Problem to solve:
Write out exactly the lines below from the one containing "RA, Folketelling 1865" to the last, both ends kept, and nothing more; skip all pictures.

Given data:

━━━━━━━━━━━━━━━━━━━━━━━━━━━━━━

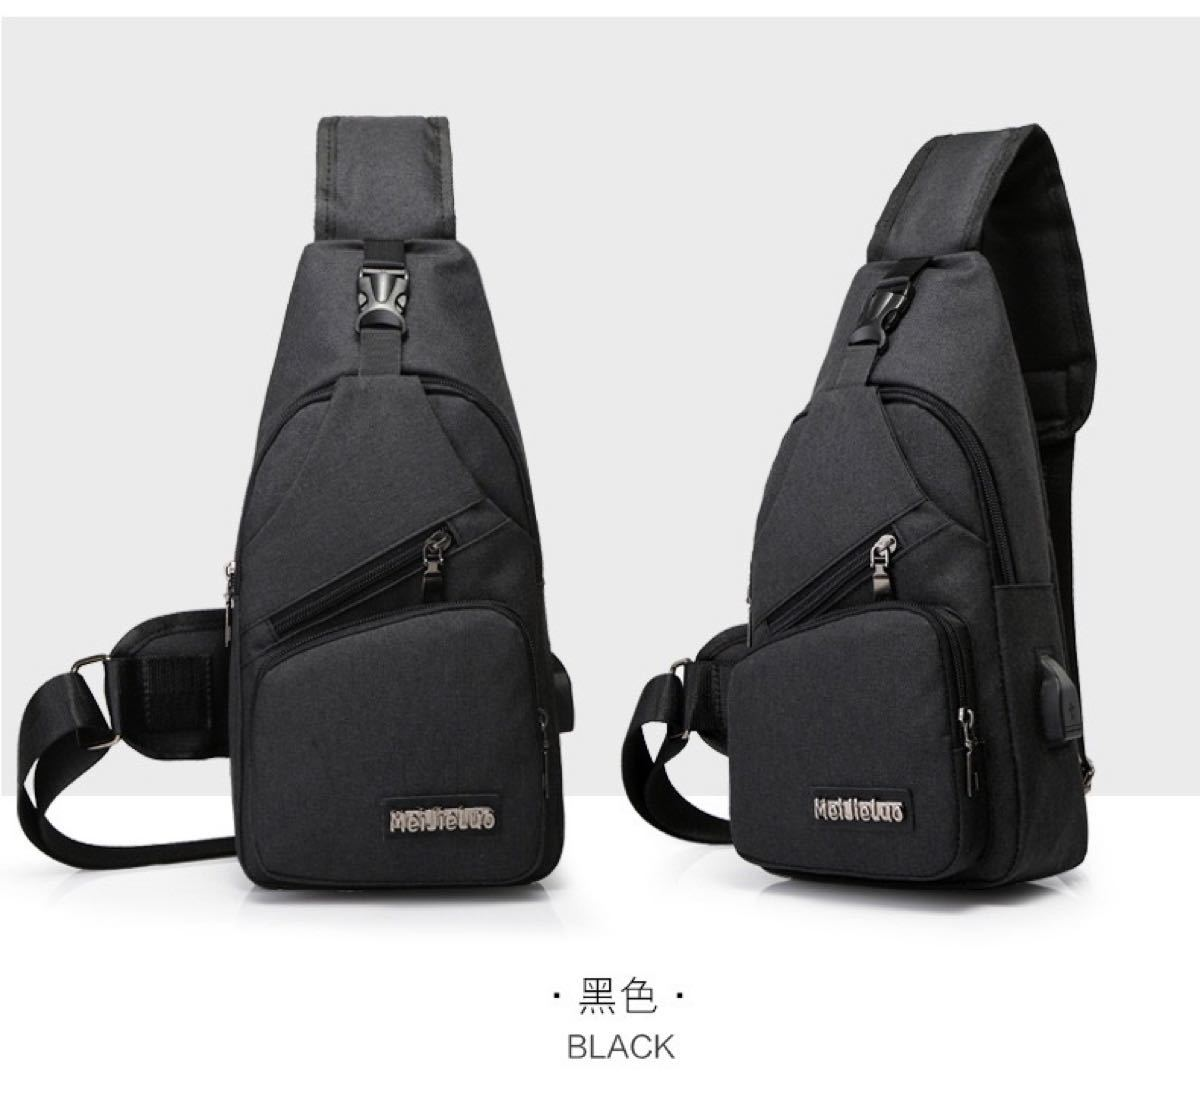 ボディバッグ ショルダーバッグ  軽量 USBポート付き 斜め掛け おしゃれ  メンズバッグ
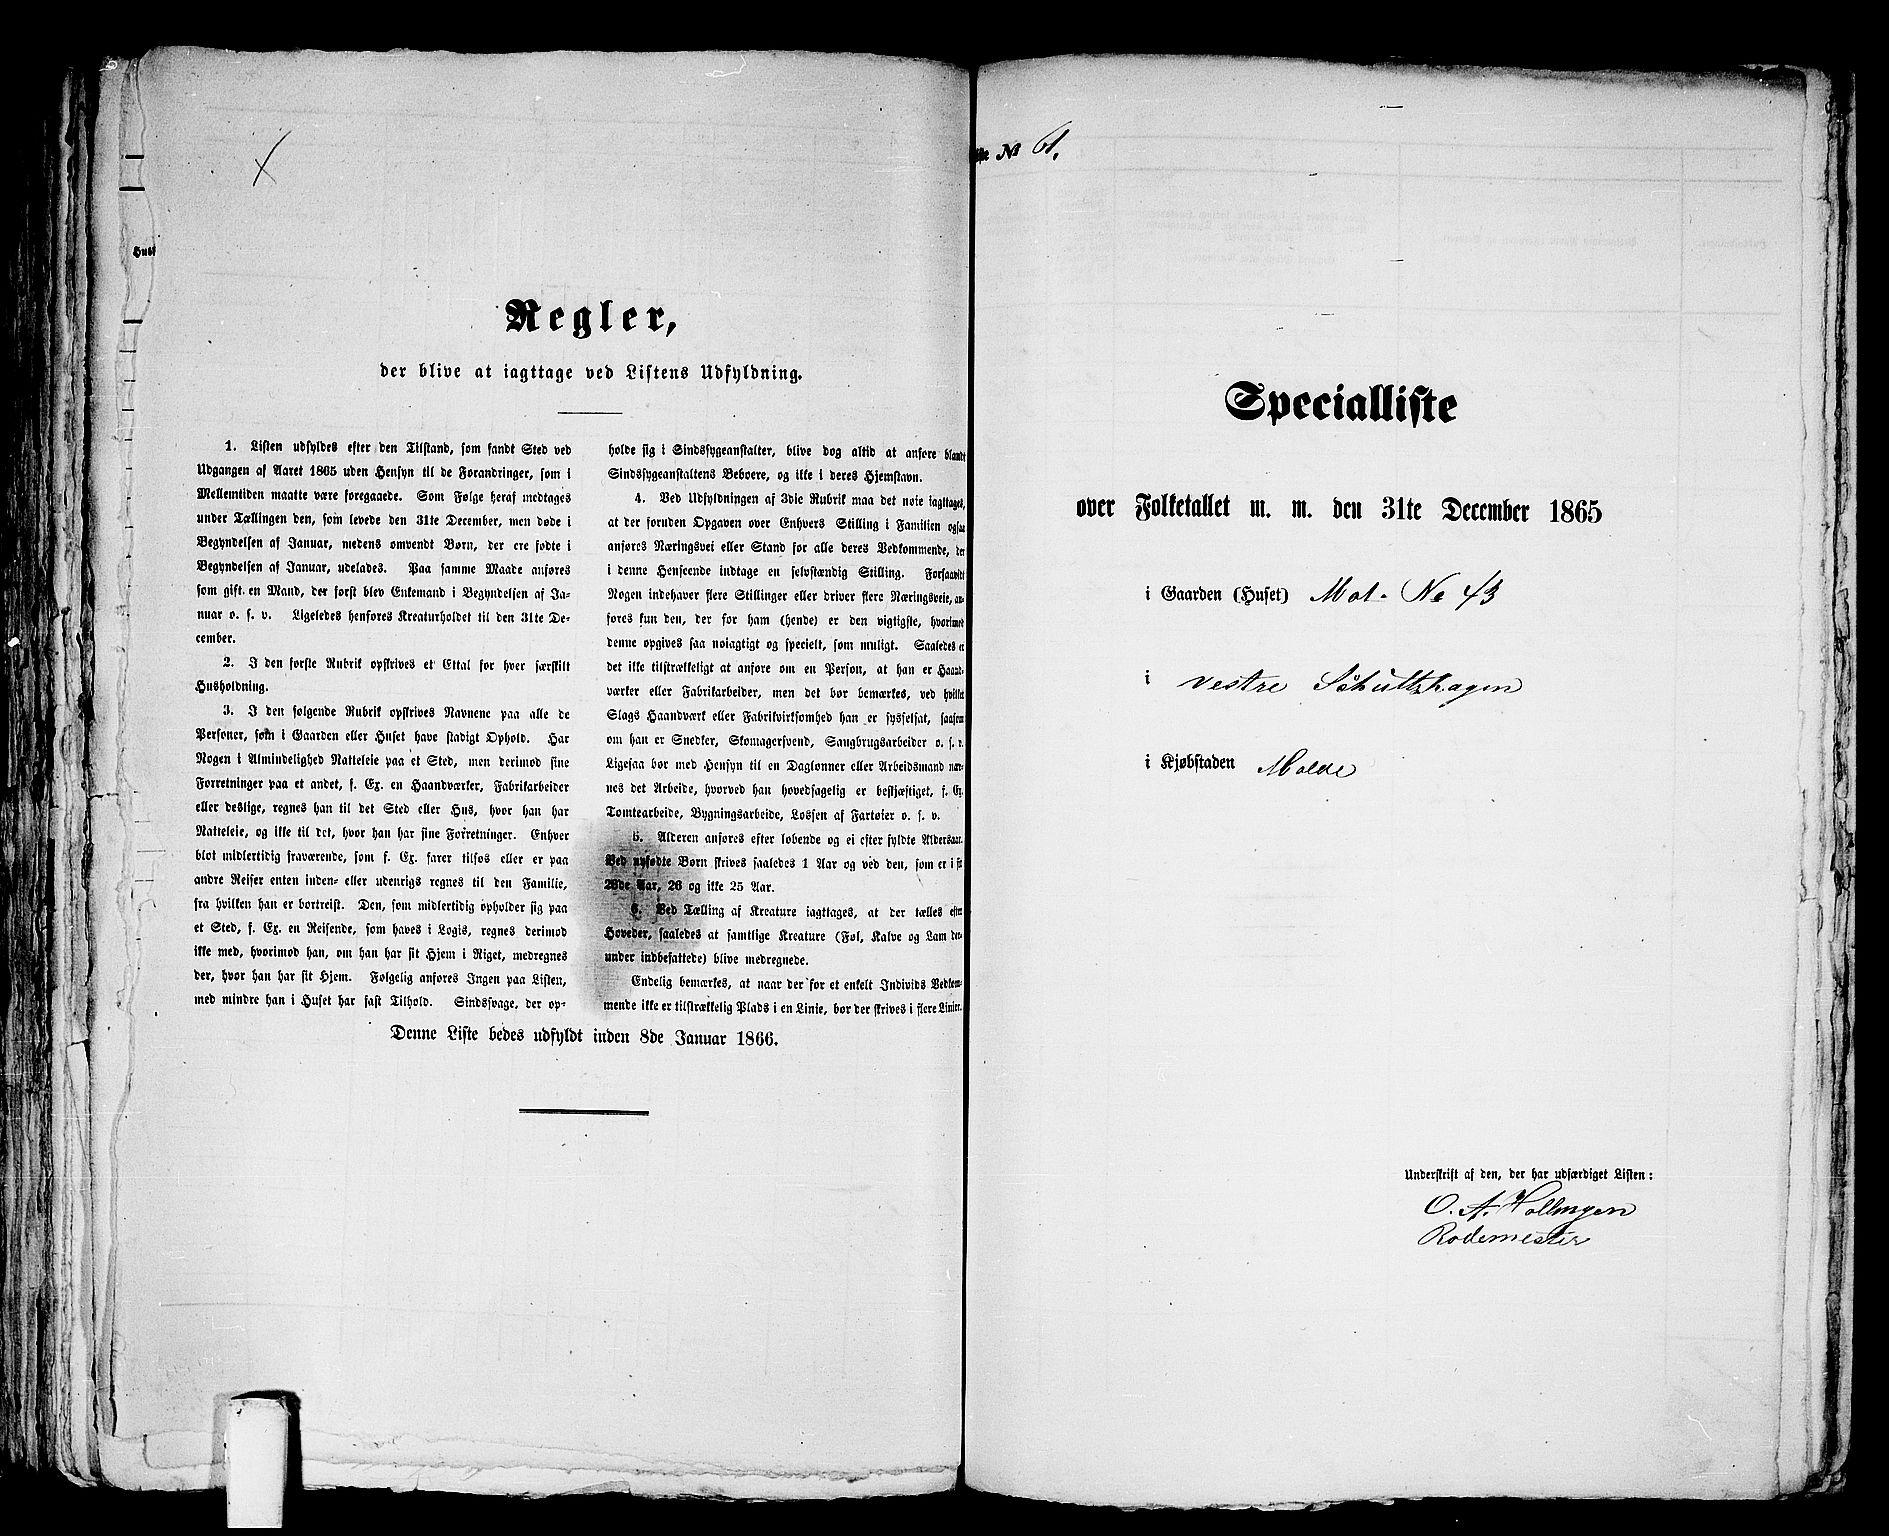 RA, Folketelling 1865 for 1502P Molde prestegjeld, 1865, s. 132
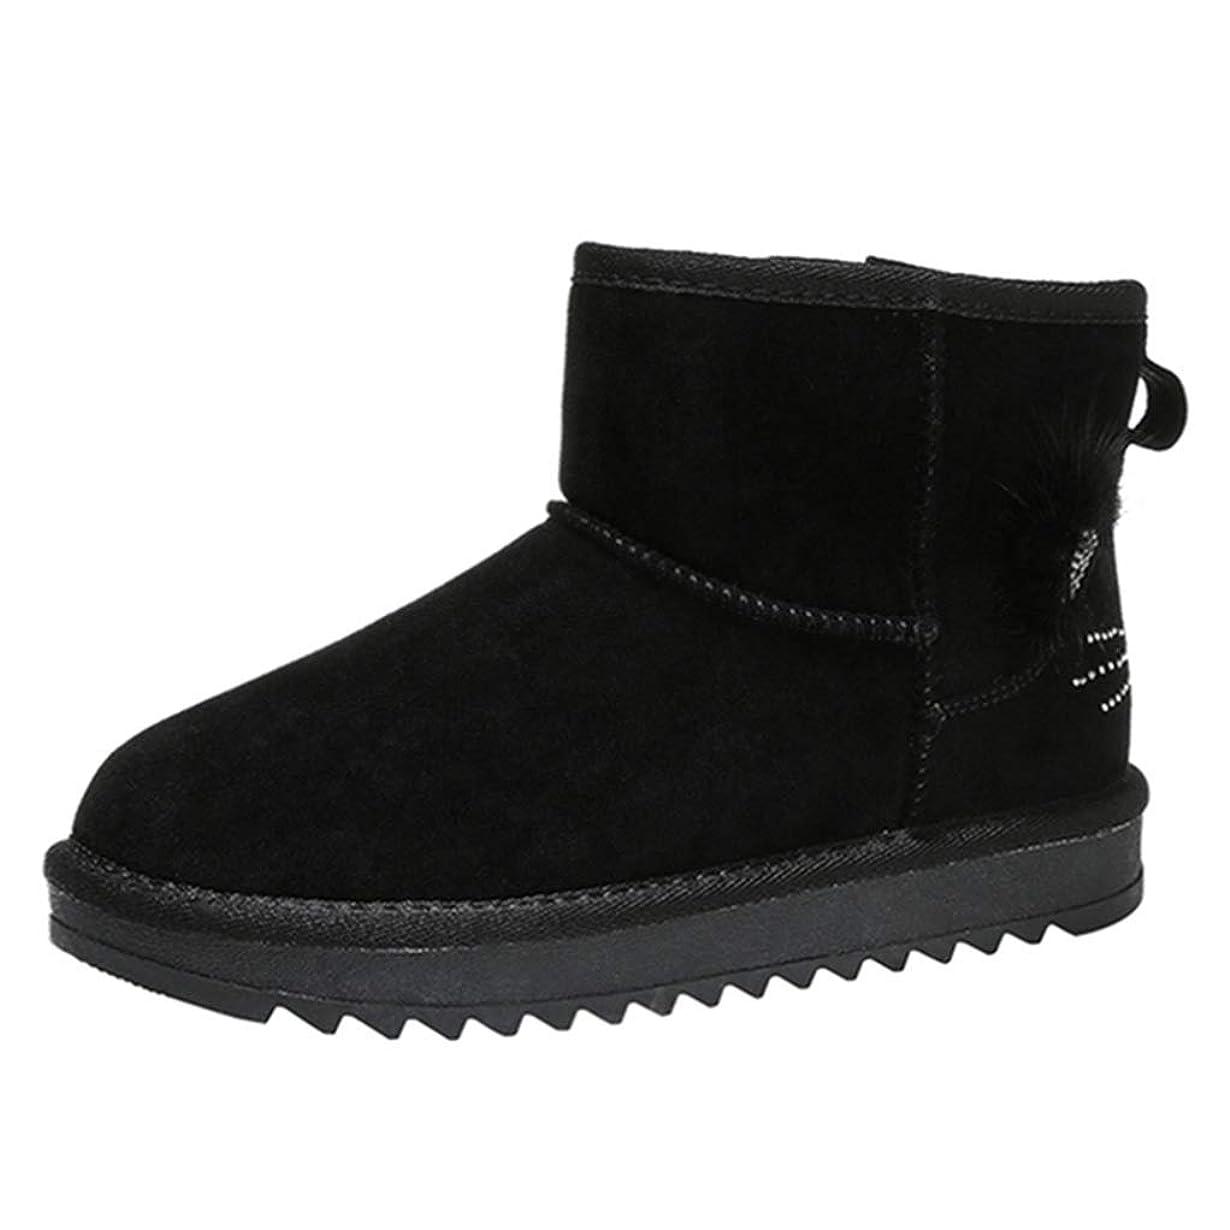 自体集める程度可愛い スノーブーツ レディース 毛皮ブーツ 歩きやすい もこもこ 裏ボア 雪靴 防寒 防滑 ウィンターブーツ 暖かい アウトドアシューズ ショットブーツ ムートンブーツ 保温 軽量 厚底 フラット 滑り止め 短靴

━━━━━━━━━━━━━━━━━━━━━━━━━━━━━━

Answer to this exercise:
 RA, Folketelling 1865 for 1502P Molde prestegjeld, 1865, s. 132
 自体集める程度可愛い スノーブーツ レディース 毛皮ブーツ 歩きやすい もこもこ 裏ボア 雪靴 防寒 防滑 ウィンターブーツ 暖かい アウトドアシューズ ショットブーツ ムートンブーツ 保温 軽量 厚底 フラット 滑り止め 短靴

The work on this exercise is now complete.